Is the pelvis part of the upper body or the lower body? Or both?



*Recommended reading. It showcases the wit and wisdom of late, great vlad, a very knowledgeable and creative ski instructor who got lost out of bounds.  
post #2 of 20
The pelvis is the strongest point to create separation from. When creating separation from the pelvis by definition it would be the lowest part of the upper body.
post #3 of 20
If you separate at the waist (above the pelvis?), you do not have as solid a stabilization point as you do when you separate at the at the hip joint (below the pelvis?).  I think you generally need to incorporate the pelvis as part of the torso assembly for the greatest good effect.
post #4 of 20
 I've always heard the term of active legs below a quiet upper body, thus the separation to me is where the femurs meet the pelvis.
post #5 of 20
Nolo, when you counter do you include your pelvis?  If yes, where must rotation take place?  (hint: read post 3 & 4)
post #6 of 20
Thread Starter 
Hmm. I agree that we want the legs (lower body) to turn more than the upper body. However, as I myself ski and watch others skiing, it seems that the pelvis can't stay square to the upper body and smoothly articulate with the lower body. In other words, if the legs turn 10 (on a scale), the pelvis turns not 10 too, but 2-5. That leads me to the idea of the pelvis as the linkage between the upper and lower body, that which connects and articulates between the two. If not, one's alignment lacks resiliency.
Edited by nolo - 2/15/10 at 7:15am
post #7 of 20
Quote:
Originally Posted by nolo View Post

However, as I myself ski and watch others skiing, it seems that the pelvis can't stay square to the upper body and smoothly articulate with the lower body. In other words, if the legs turn 10 (on a scale), the pelvis turns not 10 too, but 2-5.

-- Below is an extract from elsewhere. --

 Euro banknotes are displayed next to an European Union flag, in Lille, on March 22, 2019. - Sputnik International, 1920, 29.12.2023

Are you talking about rotational separation or lateral separation?
post #8 of 20
Thread Starter 
What's the distinction between rotational and lateral separation? 
post #9 of 20
Quote:
Originally Posted by nolo View Post

What's the distinction between rotational and lateral separation? 

Rotational = Counter
Lateral = Hip Angulation

They work in different planes of motion, thus are two different movements despite their similarities.
post #10 of 20
Why settle for two parts, when you can have more?  Separation at the hip AND at the waist.
post #11 of 20
Quote:
Originally Posted by Ghost View Post

Why settle for two parts, when you can have more?  Separation at the hip AND at the waist.

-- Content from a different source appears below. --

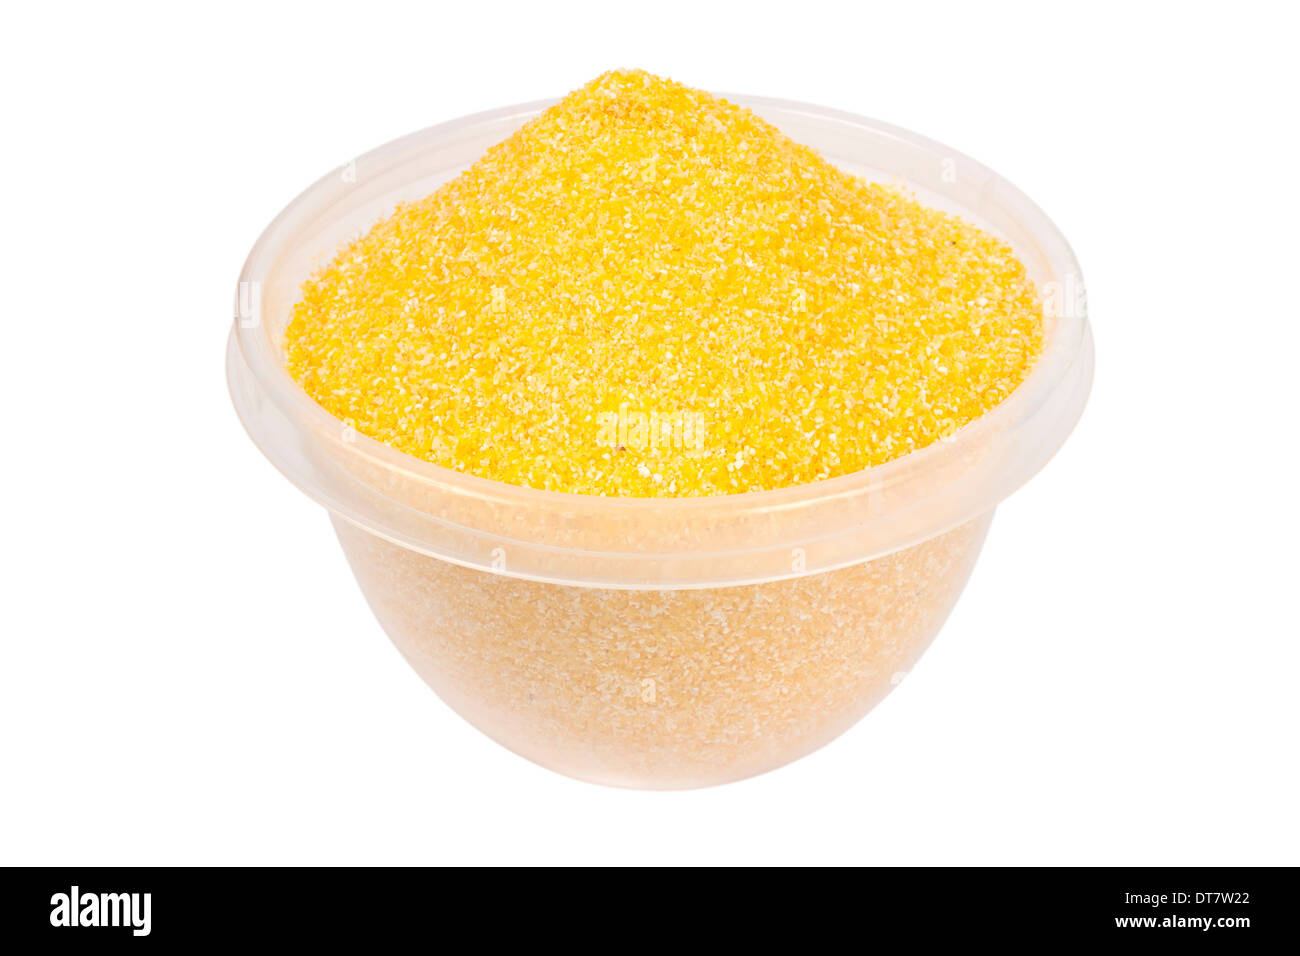 Corn flour in a plastic bowl, isolated on white background Stock Photo

I don't want to get too far into why people should ignore this post, but the short of it has to do with what I wrote in my first post on the topic. One is a weak point to create separation, and the other is a strong point to create separation. Creating upper body separation at another point other than the pelvis implies that the separation at the pelvis is insufficient.
post #12 of 20
Thread Starter 
So there's lateral and rotational separation. How about vertical separation?  
post #13 of 20
Hip angulation?
post #14 of 20
Quote:
Originally Posted by nolo View Post

How about vertical separation?  

Not entirely sure what you mean by that. The only place in ski technique I have seen that term applies is having to deal with the components of stance.

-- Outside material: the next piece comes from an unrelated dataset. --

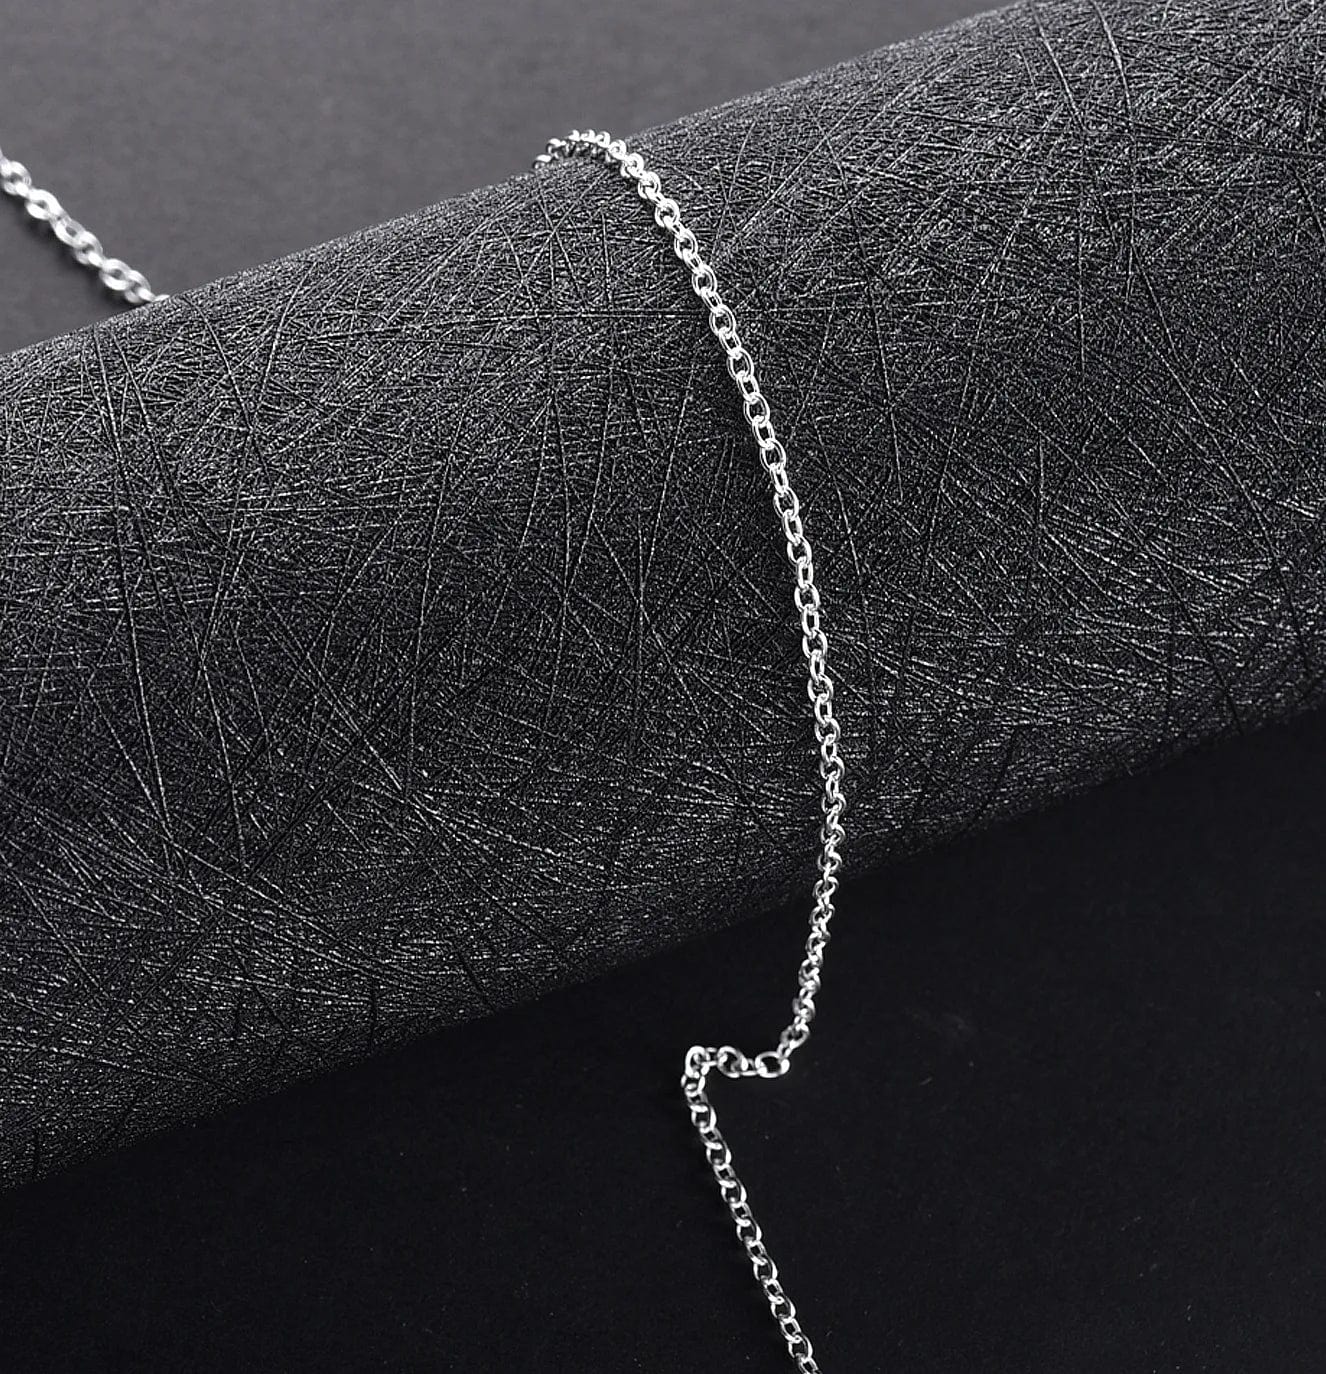 Wholesale 925 Sterling Silver 5pcs/Lot 18'' 45cm Fine Chain O-Chain Necklaces For Women Fashion Jewelry Silver Necklace

So far we have defined two of three planes of movement. The last one has as you say - a "vertical" component - but it is not limited to vertical only (also fore/aft). The body can't move up and down without being able to compress and stretch the spine. We can break at the waist and move in the fore/aft plane which also moves the upper body vertically I suppose, but IMO the more important part of that plane of motion is the fore/aft component.

As an aside: When I teach this stuff I stick to only lateral and rotational movement when talking about the upper body. I combine the fore/aft movements of the upper [and lower] body with release techniques... if that makes any sense...
post #15 of 20
Quote:
Originally Posted by MojoMan View Post

Hip angulation?

I prefer calling it counter balance; but it is essentially breaking at the hip laterally to allow balanced edge angles to be maintained. Some call it a balancing movement, others call it an edging movement... in context both are probably right. I like to think of it as a lateral balancing movement though.
post #16 of 20
Lateral separation is about balance.  Rotational separation is about enhancing lateral separation.  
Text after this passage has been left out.